Amanece… y Blancanieves se estira grácil y delicadamente, despertándose serena y descansada, ya peinada y maquillada.
En nuestra casa son las 7:30. Ha amanecido. A tu madre, querido hijo, la tiene que despertar tu padre, agitándola como unas maracas, para quitarla un poco de pereza y galbana de encima. De una manera poco distinguida y refinada, tropezando siempre con alguno de tus juguetes, se dirige al baño, despeinada, con ojeras y con la marca de las arrugas de la almohada en la cara.
Después de desayunar pan con mermelada, Caperucita Roja coge su hermosa cestita con los pasteles y se encamina saltando alegremente y respirando la primavera a casa de su abuelita.
Tu mamá, vestida con lo primero que se le ha caído encima al abrir el armario, desayuna su café con unas galletas de arroz, que se asemejan en color, forma y sabor al poliespan. No salta en casa porque no quiere que los vecinos del piso de abajo tengan otro válido motivo para creer que una servidora está como una auténtica regadera. Eso sí, tu madre es una experta en hacer un slalom freestyle entre tu triciclo, camiones, coches, piezas de lego y otros cientos de cosas más que se anidan en el suelo de casa.
Cenicienta canta jovialmente durante todo el día mientras limpia de arriba abajo la casa de su madrastra y una pandilla de ratones la sigue hipnotizada. Sus vestidos son harapos pero su corazón está lleno de júbilo y dicha.
Tu mamá, piccolo mío, vestida aún con el pijama, hace la cama (cuando la hace) en cuatro minutos y dieciocho segundos, limpia el baño en un cuarto de hora y pone la lavadora mientras se bebe el último sorbo del café y engulle sin saborear el último pedazo de poliespan o galleta de arroz. Utiliza el mango de la escoba para imitar a Madonna cantando berreando “laikavergin” mientras la vecina siniestra del piso de enfrente la observa aviesamente.
Y llegó el príncipe con su corcel blanco, besó a la princesa y se la llevó con él a su palacio de oro y turquesas.
Tu padre llega a la hora de cenar, deja su coche en la calle después de pasar más de un cuarto de hora para encontrar aparcamiento, coge las facturas y la propaganda del supermercado del buzón y sube las escaleras.
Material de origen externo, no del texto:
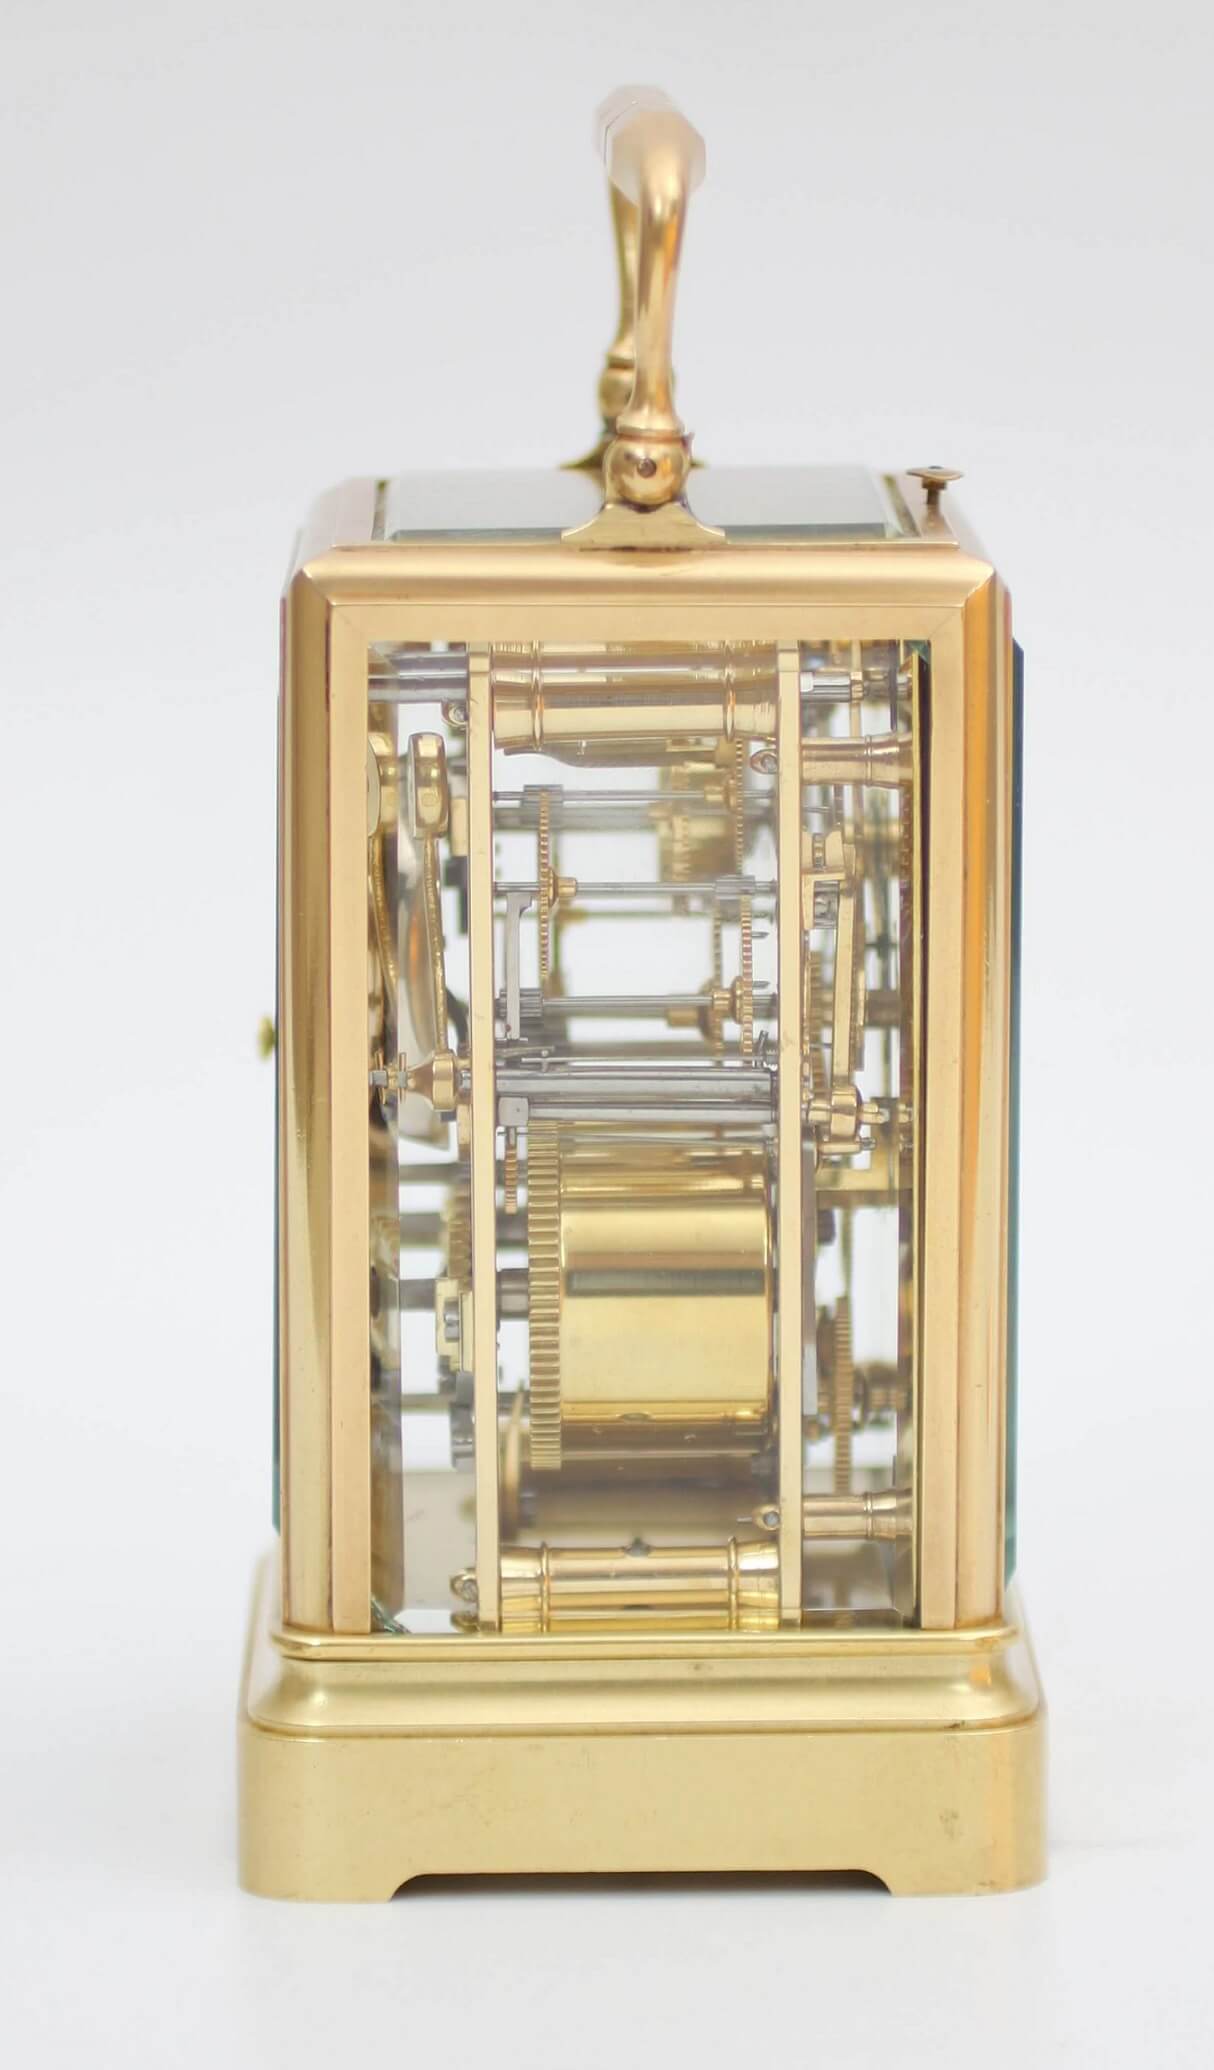 French one piece brass Drocourt carriage clock 1850

Llega cansado a casa después de trabajar – verbo que los príncipes no conocen y, por lo tanto, no acostumbran a utilizar –, pero cuando abre la puerta sus ojos se iluminan porque te ve a ti. Después de abrazarte como si fueran años que no te veía, besa a tu madre, que tampoco es una princesa (aunque su nombre en hebreo signifique precisamente eso) y que no ha estado todo el día recogiendo bayas y flores en el bosque o danzando alegremente a orillas de un riachuelo…
Como ves, hijo mío, la realidad, al menos para nosotros, no se parece para nada a un cuento de hadas… Y sabes que te digo, que es mucho mejor así, tal y como es. Porque el amor que tus padres sentimos por ti es auténtico y real y ningún hechizo o encantamiento lograrán hacerlo desvanecer, jamás de los jamases.